En Vox baja

Una encuesta telefónica realizada a 2000 personas por encargo del PSOE en Castilla-La Mancha entre los días 19 y 23 de noviembre ya recogía el fenómeno VOX, partido que contaba con una intención de voto del 8,5%. En las últimas elecciones autonómicas había obtenido el 0,5%. Lo llamativo es que por aquellas fechas, antes de las elecciones andaluzas, las encuestas en aquella comunidad aún no recogía ese fenómeno, y en segundo lugar que Vox vivía una crisis interna en la región o más concretamente en la provincia de Toledo, donde con más apoyos cuenta.

 

Una crisis que dio con la salida del partido del anterior presidente provincial, Daniel Molina Álvarez y de varios miembros del Comité Ejecutivo Provincial. La dirección nacional del partido eligió una comisión gestora que es la que actualmente dirige en la provincia a Vox, nombrando como presidente y secretaria a los talaveranos Luis Miguel Núñez Gil e Isabel Moreno Carvajal, como vicepresidente a Jesús Rodríguez Tarjuelo de Consuegra y dos vocales, Fernando Marco Aparicio e Isaac Marín Rubio.

 

Esta comisión gestora provocó un fuerte enfrentamiento entre el secretario nacional de Vox, Javier Ortega Smith, y el abogado y anterior presidente provincial, Daniel Molina.

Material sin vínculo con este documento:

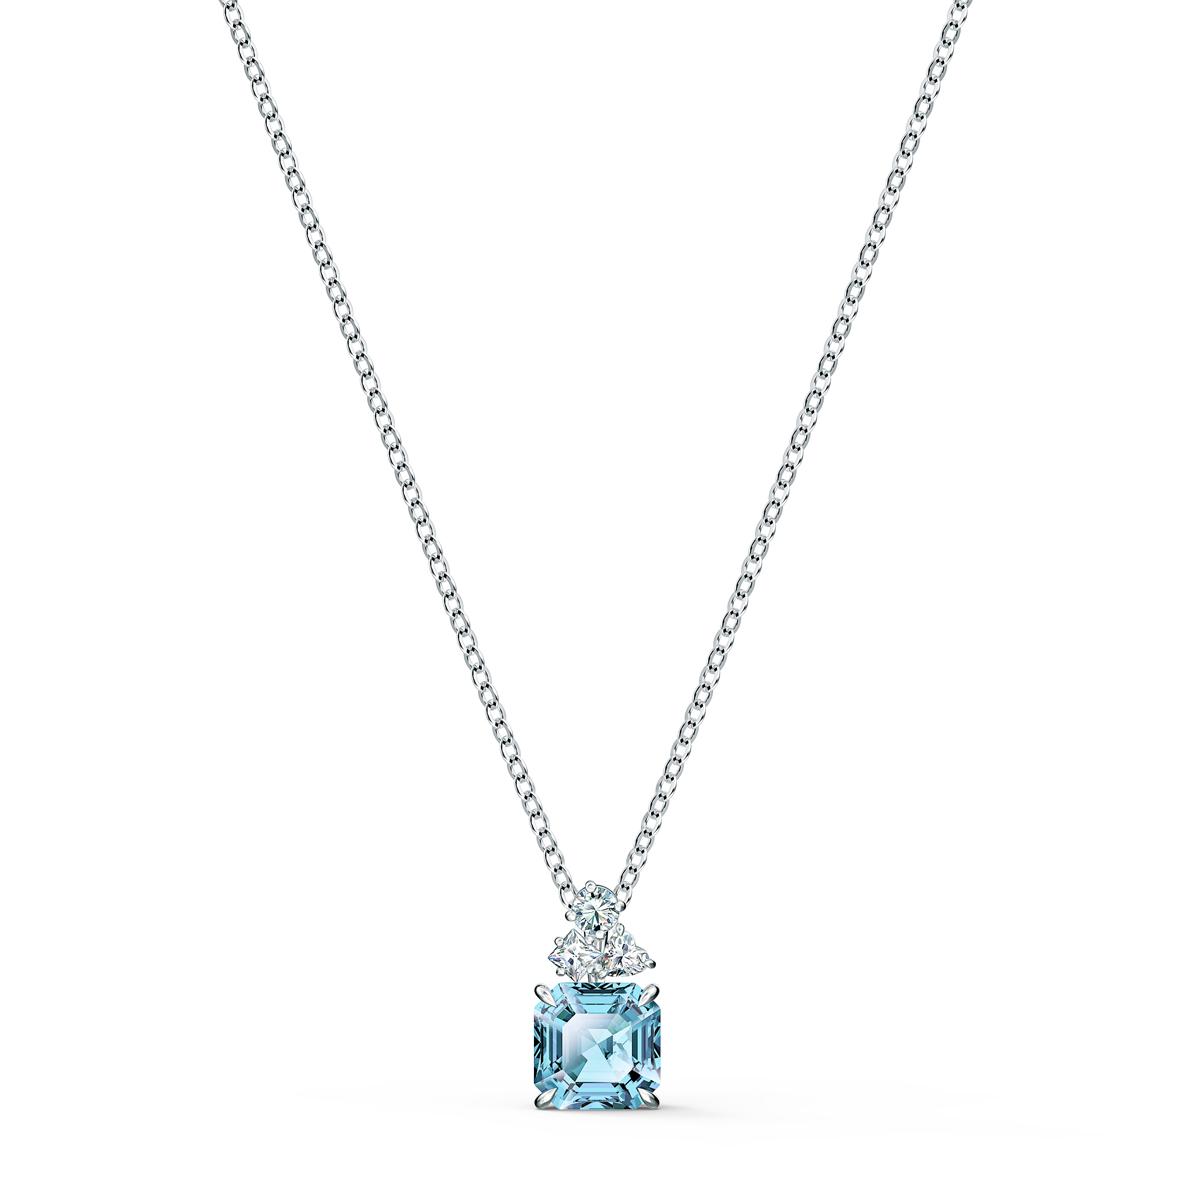 Swarovski Necklace Sparkling Pendant Square Aqua Rhodium Silver

Este en una carta dirigida a Ortega Smith le decía: “Estimado señor Javier Ortega Smith, desde mi apreciación de perfilador forense de personalidad criminal, máster que acabé tras el grado en Derecho y segundo master de la Abogacía, así doctorando en Ciencias Jurídicas y Sociales, la imagen que usted me ha dado, y perdóneme que le perfile su personalidad, pero es lo que uno puede llegar a saber de usted, desde mi más pequeña ignorancia es que es un tipo mesomorfo, antisocial en cuanto al desprecio y violación de los derechos de los demás y, sobre todo, narcisista. El trastorno narcisista de la personalidad es uno de los más conocidos y se caracteriza por un patrón de grandiosidad, necesidad de admiración y falta de empatía. Los comportamientos más típicos de este problema son: fantasías constantes de éxito, creencia de que es especial y único y que sólo puede ser comprendido o relacionarse con personas de su status, exige admiración excesiva, carece de empatía”.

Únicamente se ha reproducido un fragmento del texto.